Hess's Law is a powerful tool in thermochemistry, stating that the total enthalpy change for a reaction is the same, regardless of how many steps the reaction takes. To apply Hess's Law in combustion: - We calculate the enthalpy change (ΔH_combustion) of the overall reaction by using the standard enthalpies of formation of the products and subtracting those of the reactants. - The formula for the combustion of a hydrocarbon can be summarized as: ΔH_combustion = Σ(ΔH_f(products)) - Σ(ΔH_f(reactants)) For each hydrocarbon: - Products typically include CO₂ and H₂O. - Their known enthalpies of formation can be inserted into the formula.
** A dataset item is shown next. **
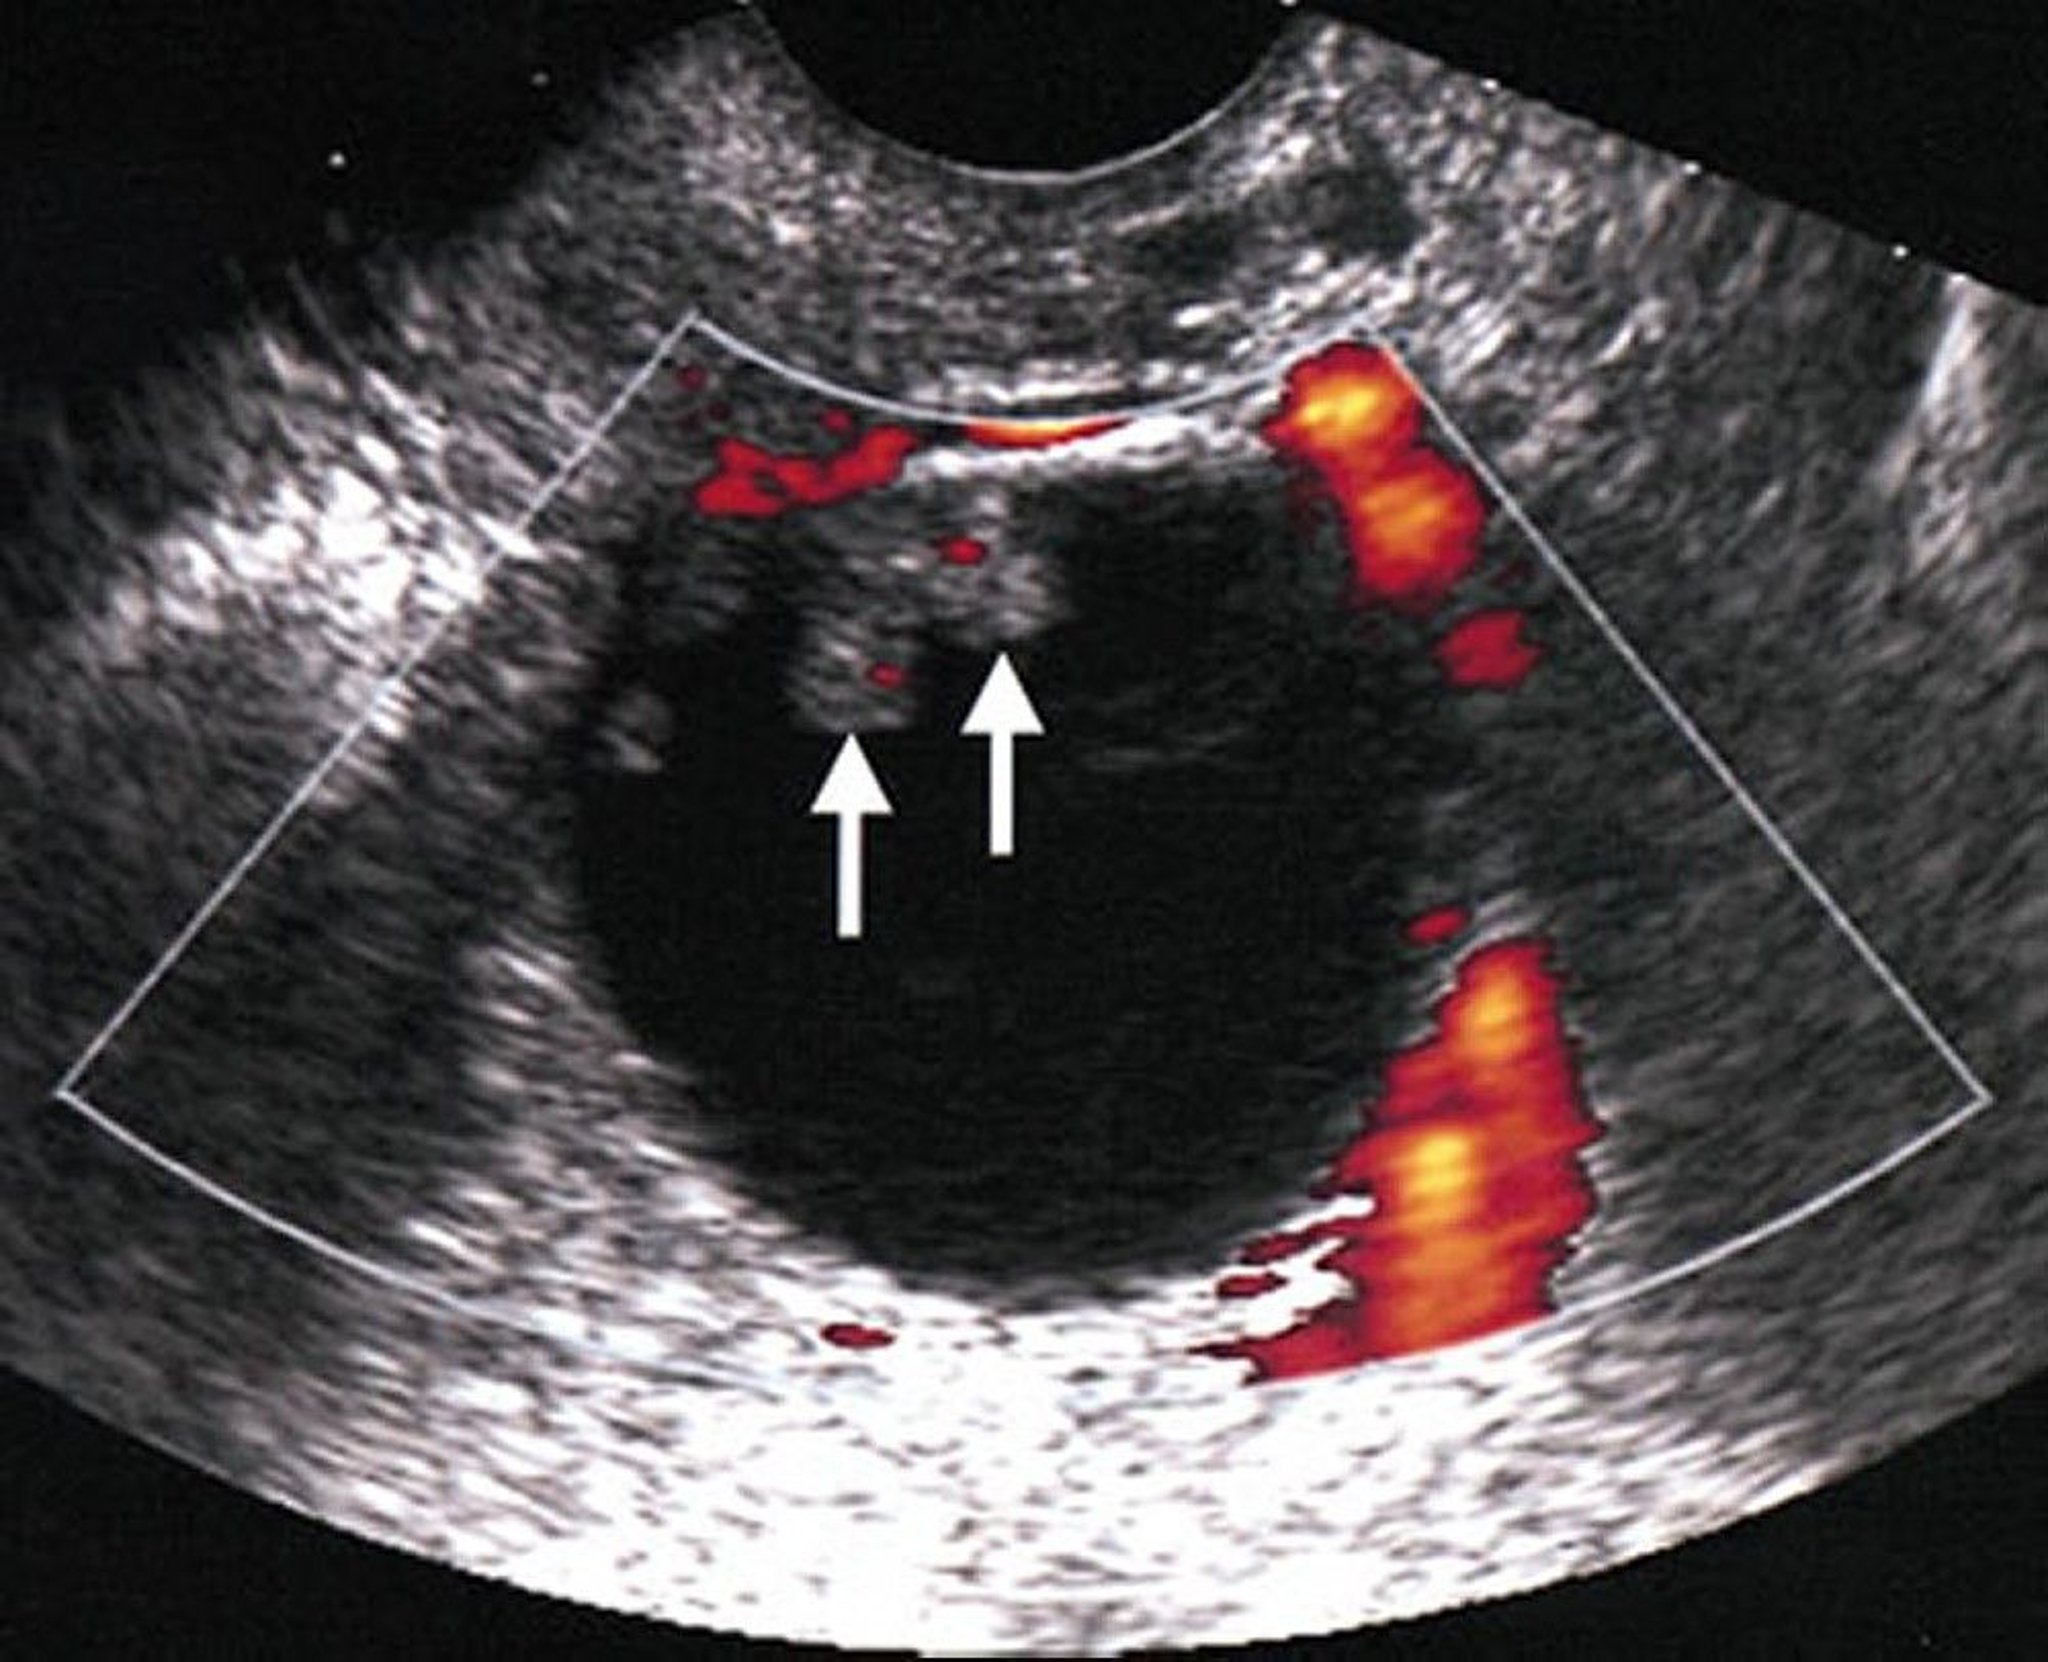 Ultrasound of a Malignant Ovarian Mass

By using this method, we can quantify the energy change regardless of intermediate steps, enabling precise calculations needed for industrial and chemical applications.

Molar Masses

Molar mass is the mass of one mole of a substance, expressed in grams per mole. It is an essential concept when calculating energy changes in chemical reactions, such as combustion. - Calculating the molar mass involves adding up the atomic masses of all atoms present in a molecule. For example: - Propyne ( C₃H₄): - Molar mass = (3 × 12 g/mol for Carbon) + (4 × 1 g/mol for Hydrogen) = 40 g/mol - Propylene ( C₃H₆): - Molar mass = (3 × 12) + (6 × 1) = 42 g/mol - Propane ( C₃H₈): - Molar mass = (3 × 12) + (8 × 1) = 44 g/mol Understanding molar masses is fundamental when scaling reactions from moles to grams. For instance, in the problem, to convert the heat evolved in kJ/mol to kJ/kg, knowing the molar mass allows us to determine how much energy is involved when one kilogram of a substance is combusted. This is critical for comparing the efficiency of different fuels.